Nearly 400 tonnes of fake medicines have been seized over two years in Ivory Coast, whose main city Abidjan is a West African haven for counterfeit drugs, the health ministry said Tuesday.
Counterfeit medicine is the scourge of Africa and the cause of around 100,000 deaths annually on the world's poorest continent, according to the World Health Organization.
"In the course of the last two years, 385 tonnes of fake medicines -- representing a financial loss of 152 million euros ($173 million) for the pharmaceutical industry -- were seized," said Able Ekissi, an inspector in the ministry.
"In Ivory Coast, 30 to 40 percent of medicines are bought off the streets.
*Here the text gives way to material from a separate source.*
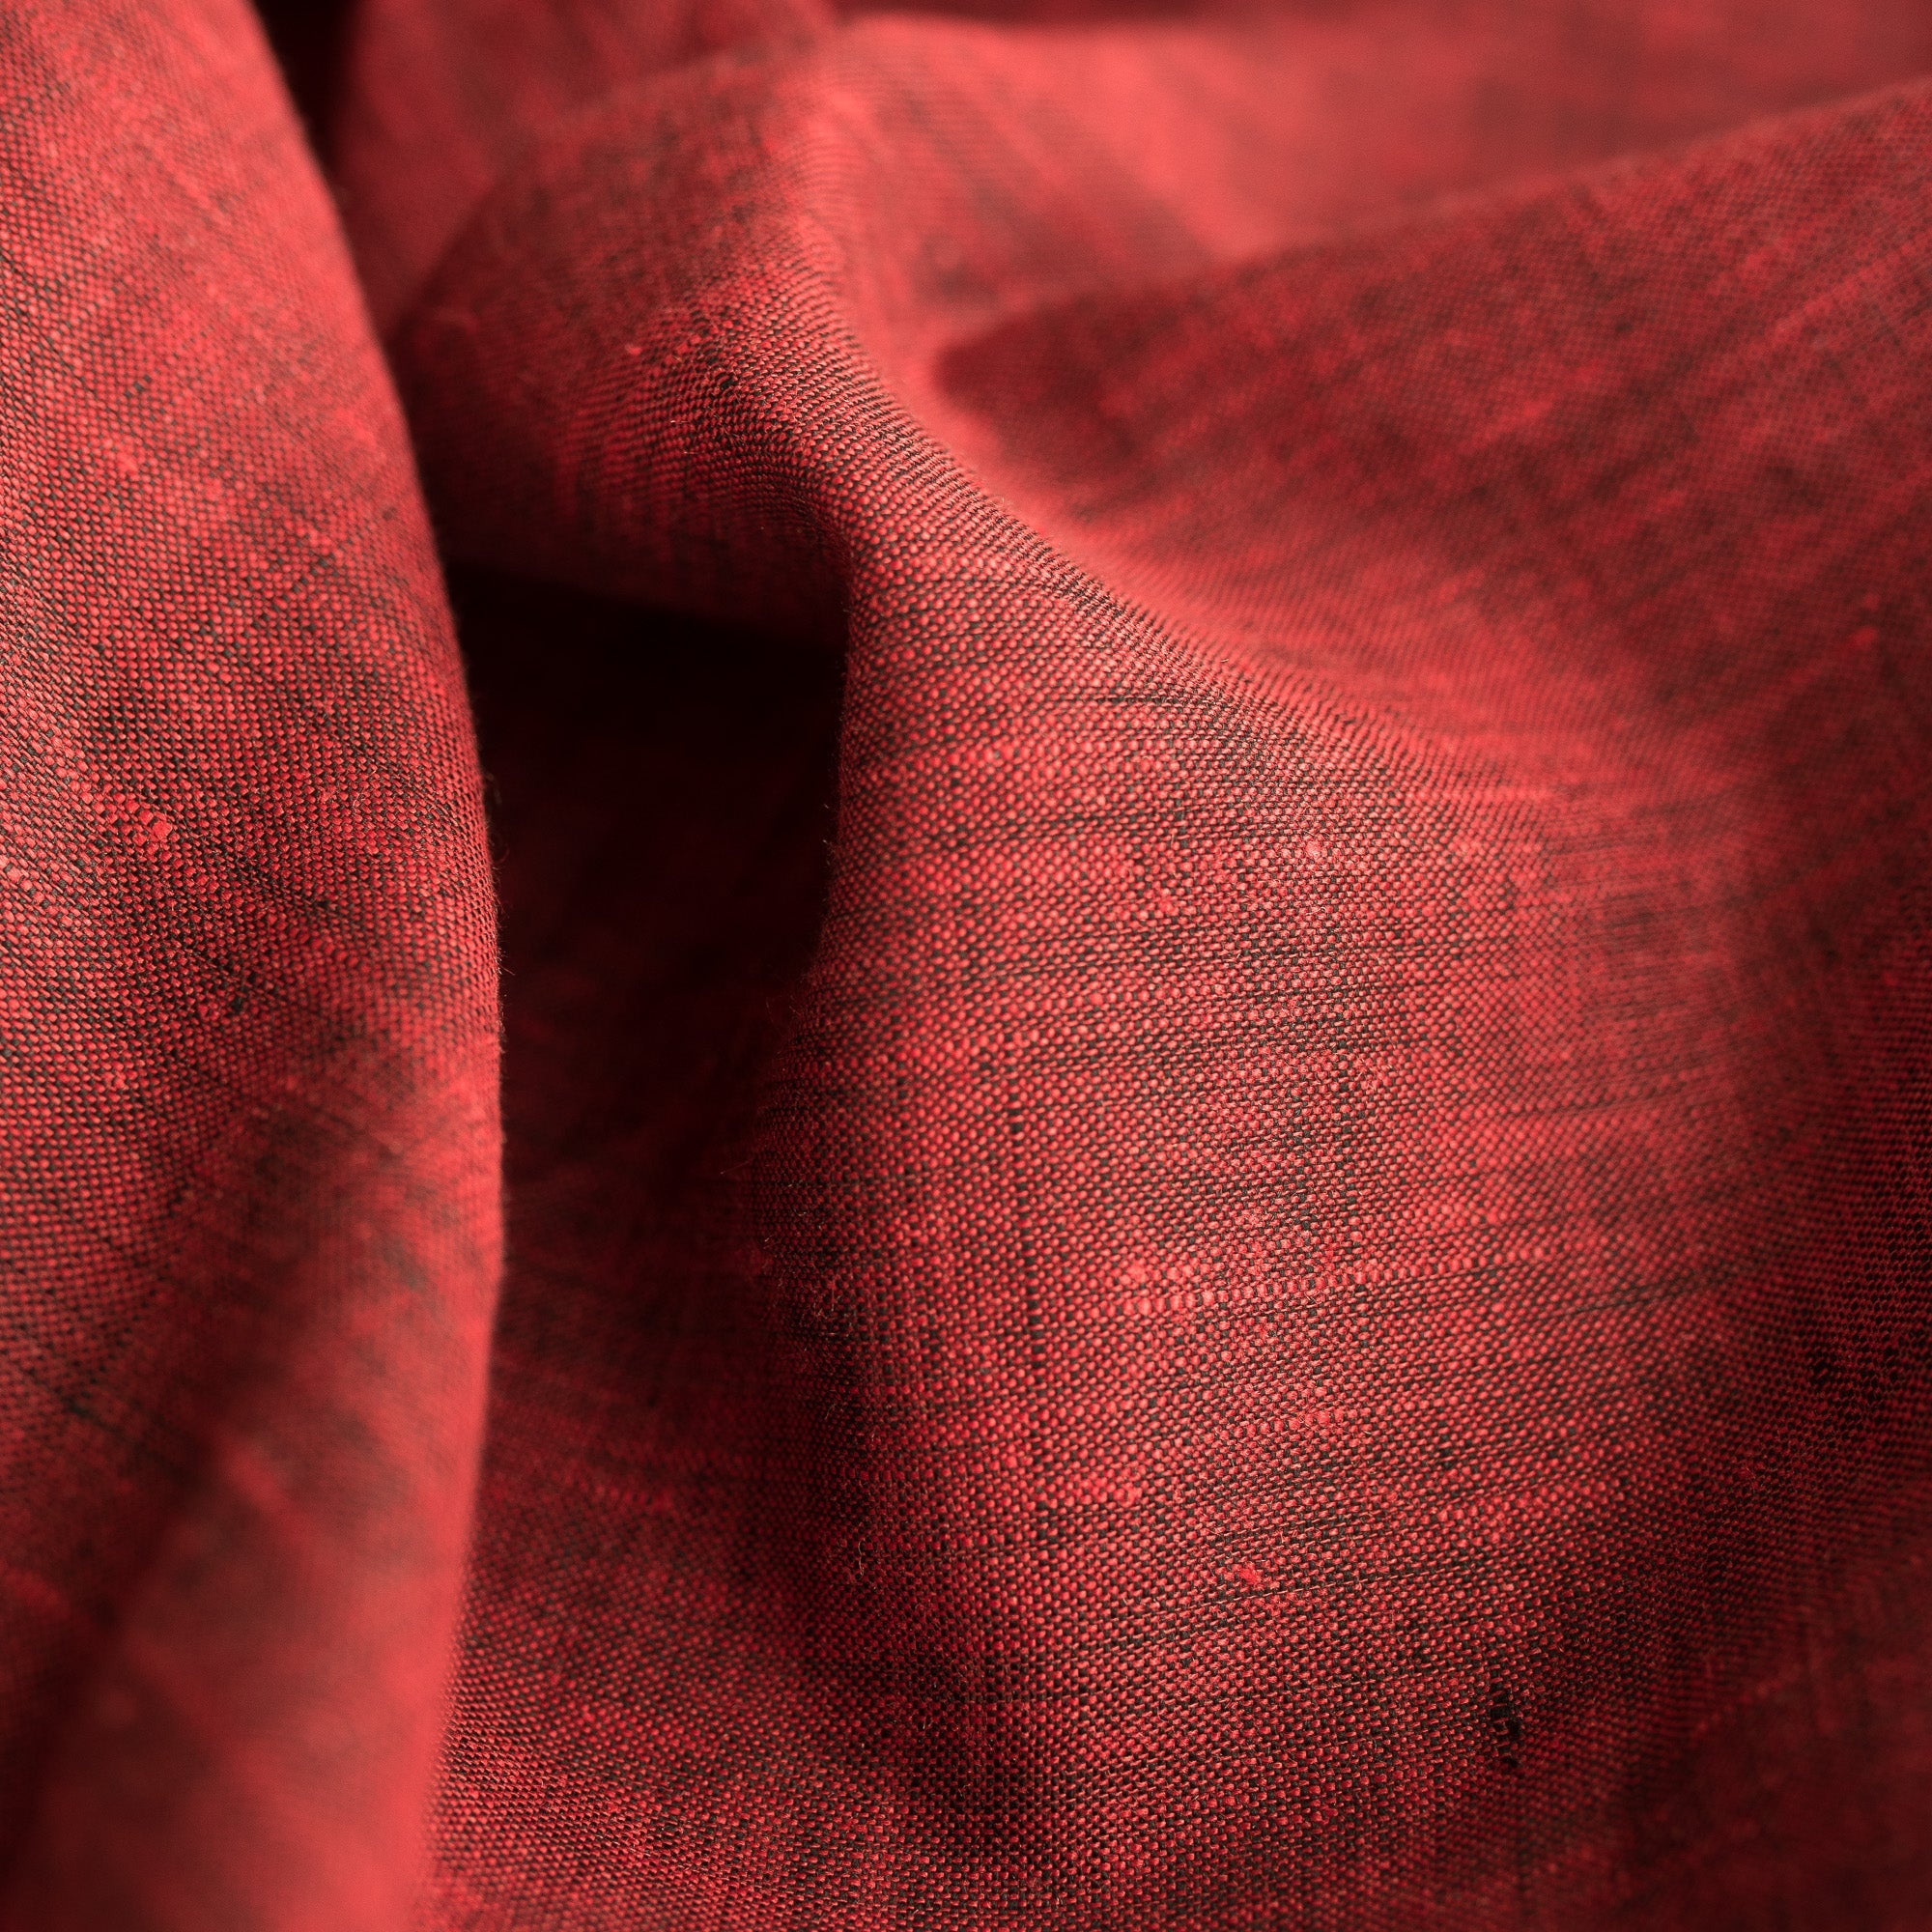 Red Velvet Two Tone 100% Linen Fabric

They are reputed to be cheaper and at best they are ineffective and at worst toxic, causing death," said Abderrahmane Chakibi, the managing director of French pharmaceutical firm Sanofi for sub-Saharan Africa.
The illicit sector has a turnover of at least 10 percent of the world pharmaceutical business, meaning that it earns tens of billions of dollars a year, the Switzerland-based World Economic Forum estimates, adding that the figure has nearly tripled in five years.
The WHO estimates that one out of 10 medicines in the world is fake but the figure can be as high as seven out of 10 in certain countries, especially in Africa.
The American Society of Tropical Medicine and Hygiene estimated in 2015 that 122,000 children under five died due to taking poor-quality antimalarials in sub-Saharan Africa, which, along with antibiotics as the two most in-demand, are the medicines most likely to be out-of-date or bad copies.